An overturned chassis from another now indeterminate weapon of war becomes a slide. A precariously balanced metal part from some other armament becomes a teeter-totter.

They hang upside down -- a cannon barrel turned monkey bar.

The hulks on which these children frolic are ghosts of a war past -- a haunting testament to the folly of empire building gone horribly wrong.

"King of the Castle" becomes "King of the Tank" as the grinning boys and girls jostle for height, cavorting on unforgiving metal with an abandon that would make the hearts of most North American parents skip a beat or two.

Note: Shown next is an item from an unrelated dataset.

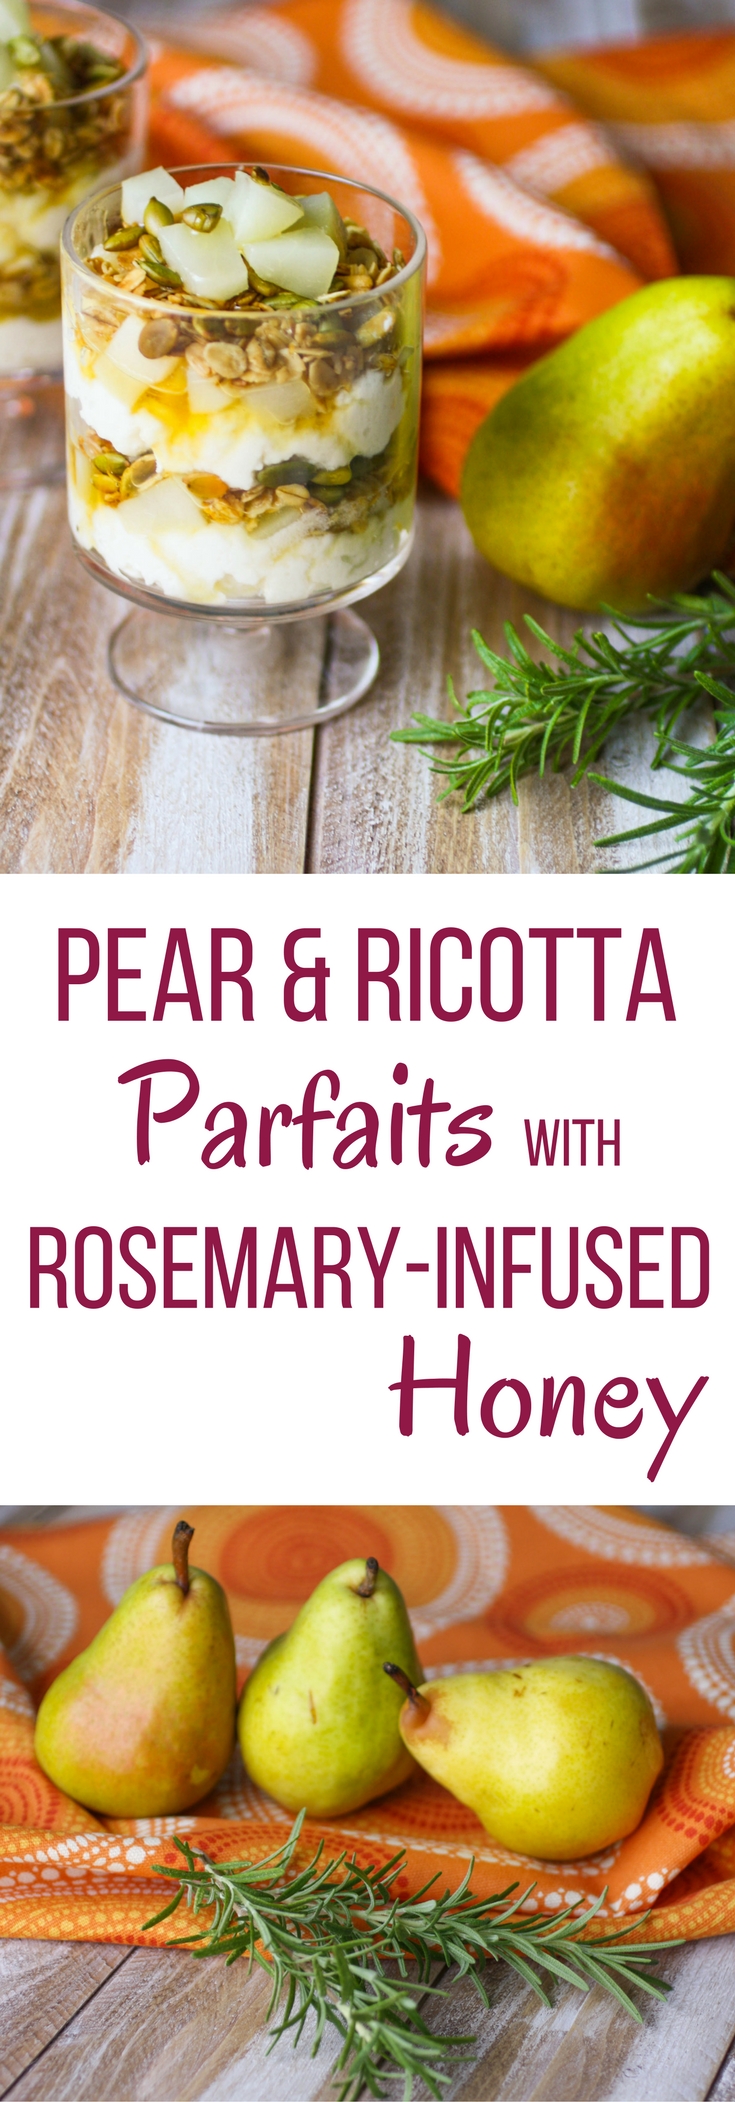 Pear and Ricotta Parfaits with Rosemary-Infused Honey are real treats in the a.m. or p.m.! These pear parfaits are delicious for breakfast or dessert!

The bright red or yellow clothing of the girls provides a starkly colourful contrast to the drab military browns or greens of their giant playthings.

Dozens of Soviet tanks, armoured troop carriers, military trucks and various heavy guns -- some passingly pristine, others jagged and broken -- lie strewn about within this base, a military junkyard.

These wrecks, which have become the neighbourhood playground for the kids of this part of the base known as 2 Corps, were once cloistered behind an iron curtain -- the property of one of the world's mightiest armies.

Here was the main southern Afghan front for the government of the Soviet Union, whose blood-stained, economically devastating nine-year backing of the Communist government in Kabul only served to contribute to its own demise.

Despite the vast array of firepower, the mujahedeen insurgency prevailed, and the retreating Soviet soldiers simply closed the gates on this base and walked away from their equipment, including personal items such as helmets.

In an adjacent part of the compound, behind a gate with arches whose fading murals depict scenes of placid opulence, trucks stand neatly parked in garages, as if the owner had driven in, gotten out and walked away forever.

A heavy machine-gun perched on a rooftop stands silhouetted against the blue sky, its bullets rusting in place in the ammunition belt.

Now, Afghan National Army soldiers keep an eye on the slowly decaying equipment to prevent the new insurgency from finding nefarious ways to repurpose any of it.

Asked why the tonnes of metal and steel aren't simply melted down or put to some other benign use, one soldier shrugs: "It's not my responsibility," he says.

It's not clear what the children make of these instruments of war on which they now play so seemingly carefree, while a lone cow rubs its face against the muzzle of one tank, and goats munch on the few weeds they find.

What is certain: This neighbourhood playground -- steeped in bloody history -- is surely one of the strangest anywhere.